• Input material:
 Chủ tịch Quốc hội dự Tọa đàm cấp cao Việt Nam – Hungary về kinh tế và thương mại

...

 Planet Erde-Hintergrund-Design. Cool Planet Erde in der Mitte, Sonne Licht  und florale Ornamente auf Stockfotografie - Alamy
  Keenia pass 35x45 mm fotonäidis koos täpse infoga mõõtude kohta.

...

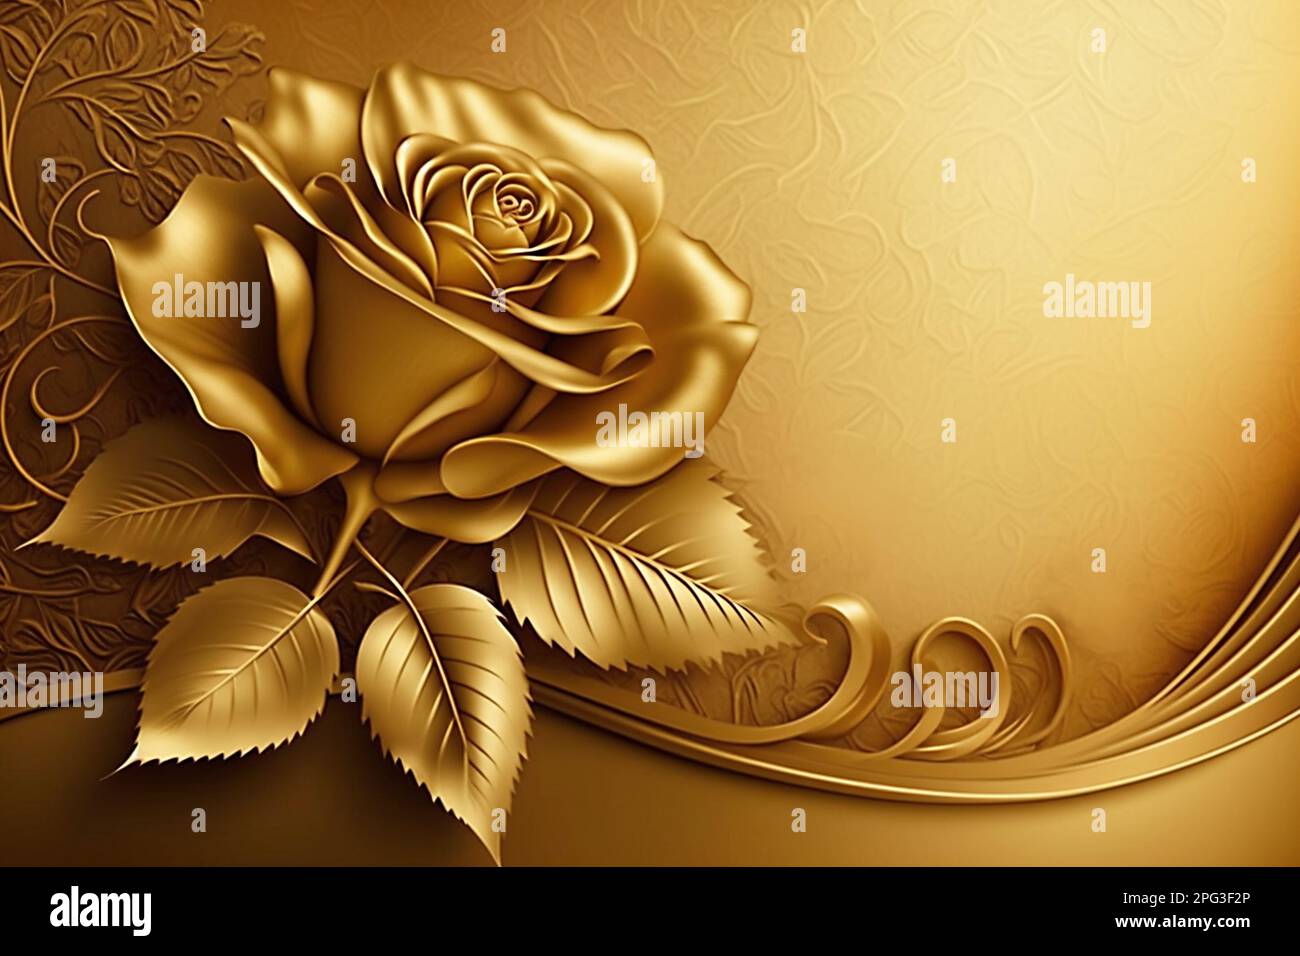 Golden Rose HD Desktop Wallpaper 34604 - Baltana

• Task details:
Return only the stretch of the material above from the line holding "Planet Erde-Hintergrund-Design. Cool" through the line holding "Keenia pass 35x45", copied exactly.

• Exercise output:
 Planet Erde-Hintergrund-Design. Cool Planet Erde in der Mitte, Sonne Licht  und florale Ornamente auf Stockfotografie - Alamy
  Keenia pass 35x45 mm fotonäidis koos täpse infoga mõõtude kohta.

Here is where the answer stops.